A pro-Russian cyber group has claimed responsibility for a series of distributed denial-of-service (DDoS) attacks against UK public sector websites, including several local councils and the Association of Police and Crime Commissioners, in a coordinated three-day campaign.
The hacking collective, known as NoName057(16), announced the operation across social media platforms, stating it was retaliating against Britain’s support for Ukraine.
The group posted on X (formerly Twitter): “Britain is invested in the escalation of the [Ukraine] conflict, and we are disconnecting its resources.”

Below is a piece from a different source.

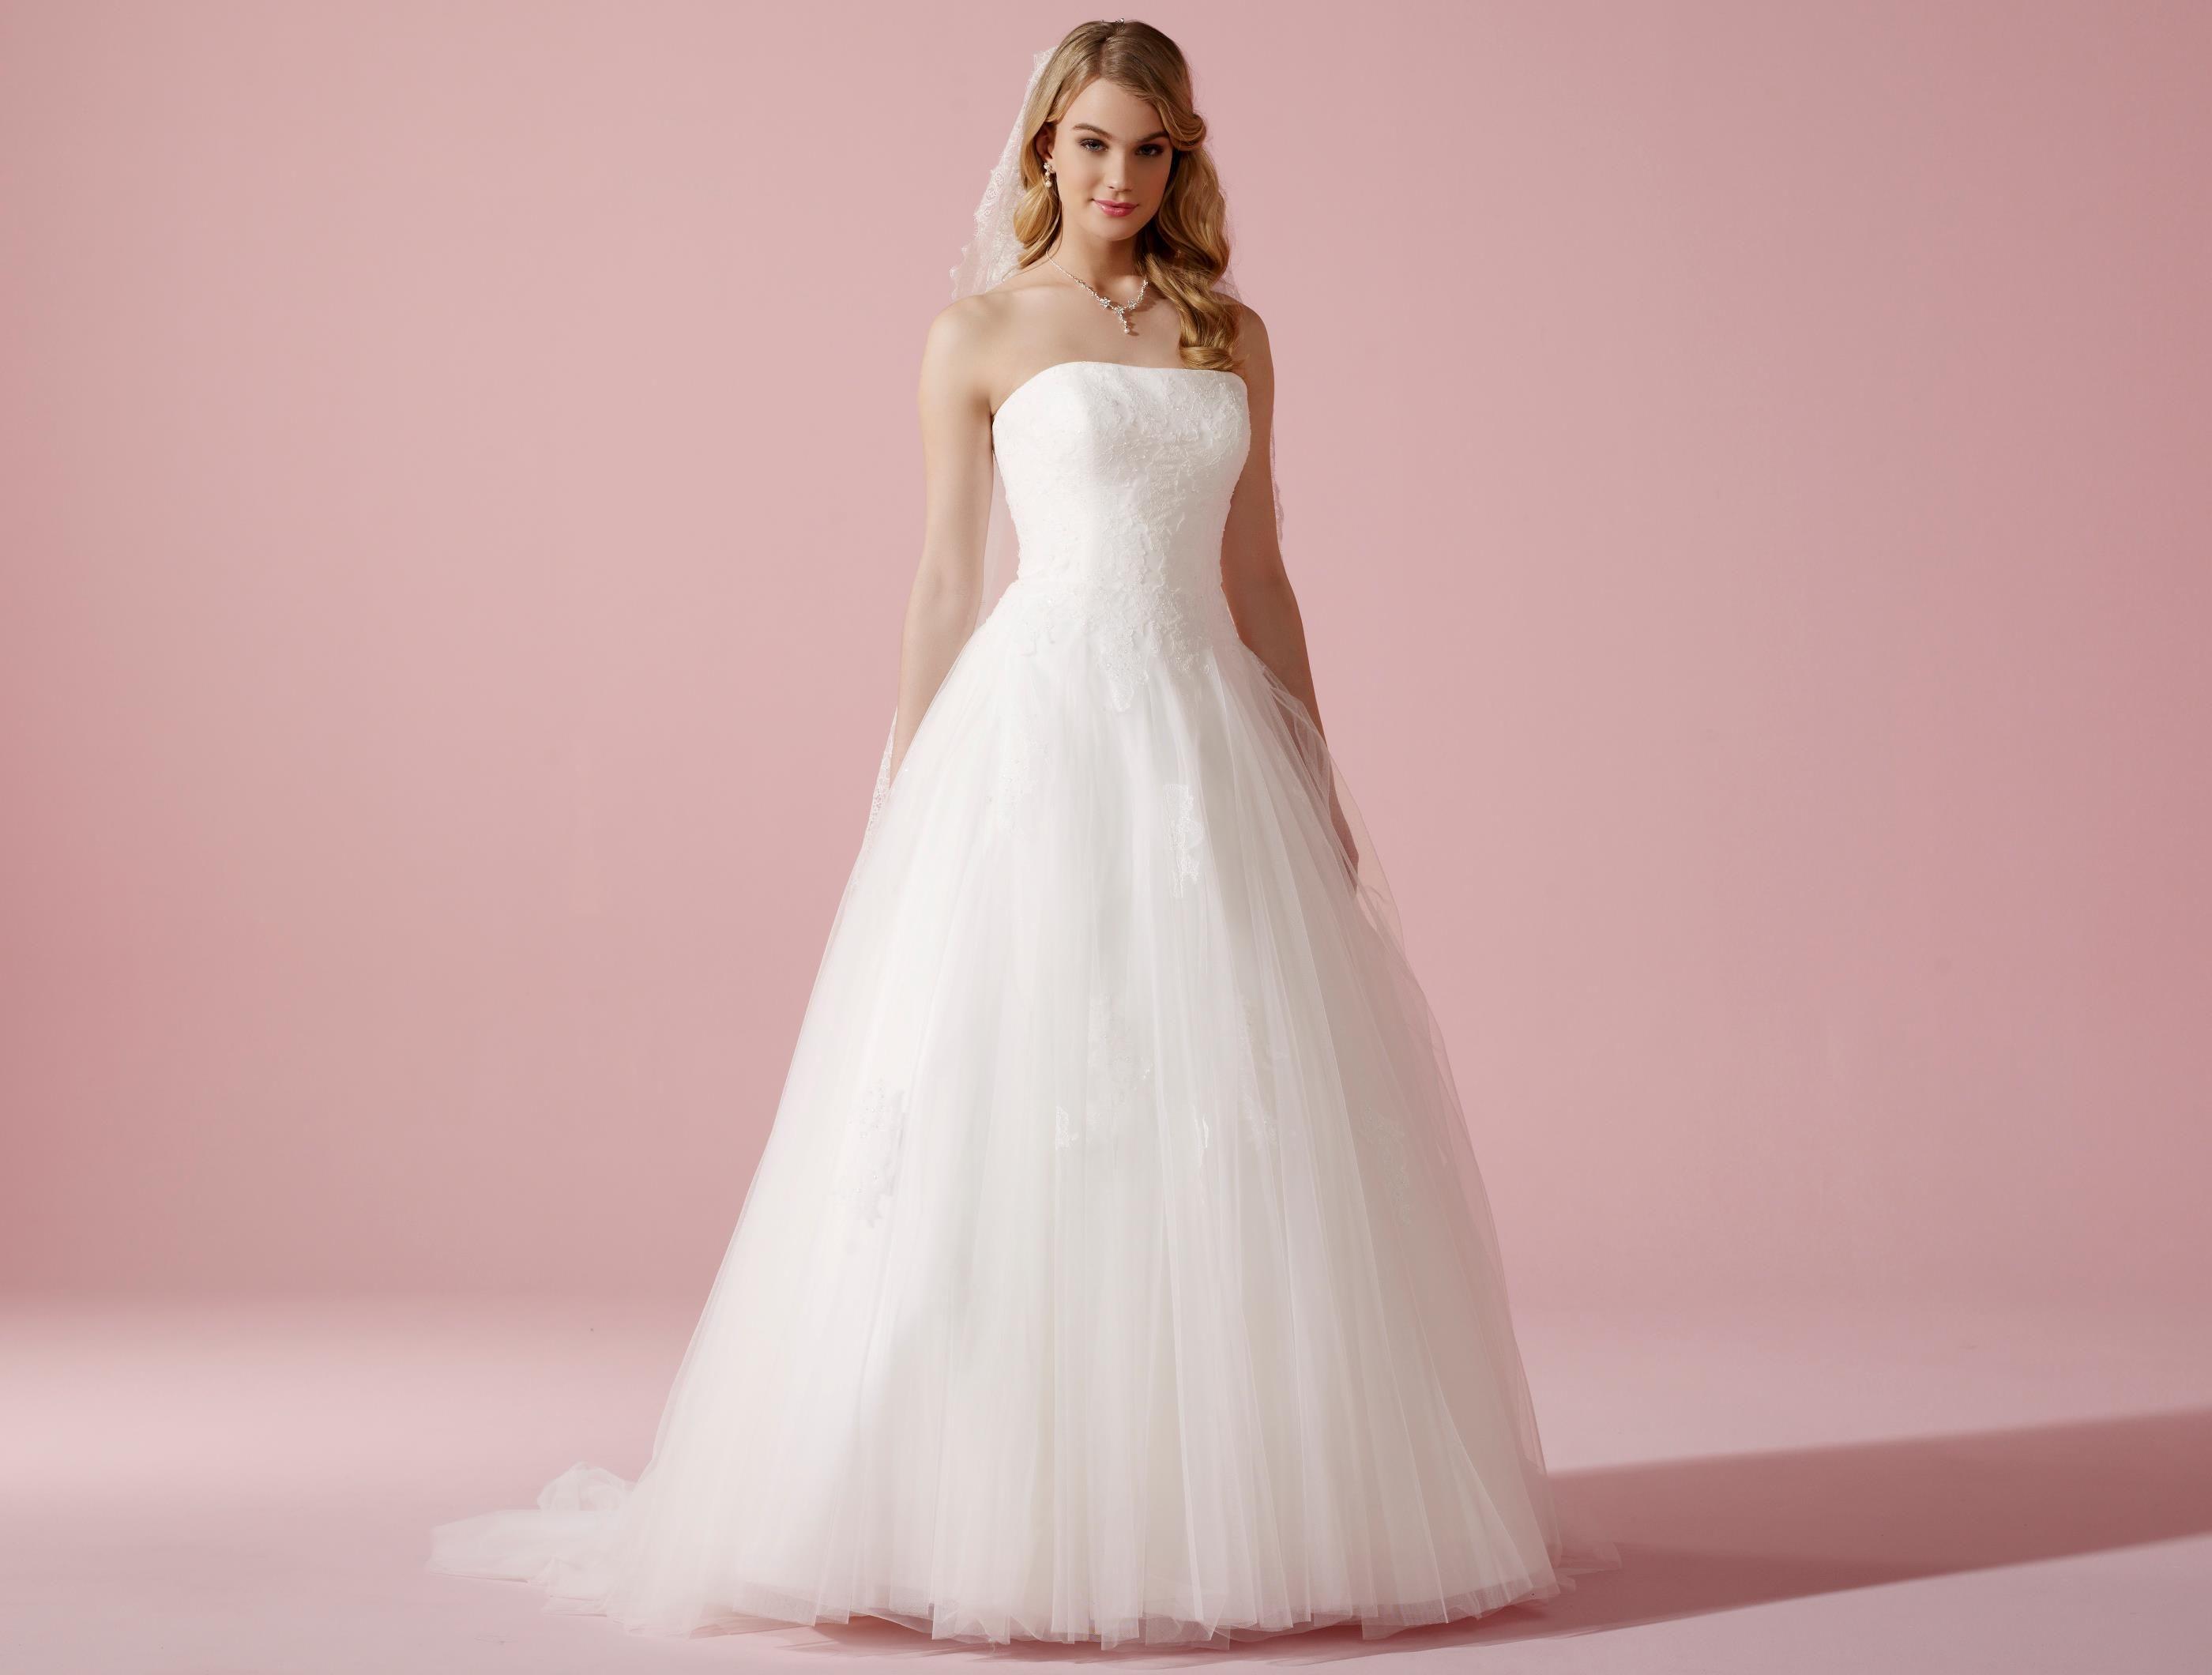 ba58ef97afe7 Brudklänning, Lilly.nu 08-3625-CR | Bröllop | Bröllop ...

Limited Impact Despite High Claims
Despite bold claims of success, the impact of the attacks appears to have been limited. Councils in Blackburn with Darwen and Exeter reported no disruption to their websites, contrary to the hackers’ assertions.
Other allegedly affected entities, including Cardiff City Council, Harwich International Port, and the Association of Police and Crime Commissioners, declined to comment or were unavailable.
In instances where sites did become temporarily inaccessible due to a surge in traffic, services resumed within hours.
Arun District Council confirmed experiencing issues early Tuesday morning, stating that its website was fully operational again by 11:30am. “We are aware of the claims made on X and continue to investigate,” a council spokesperson said.
National Highways also reported being targeted but reassured the public that their site would return to normal functionality shortly.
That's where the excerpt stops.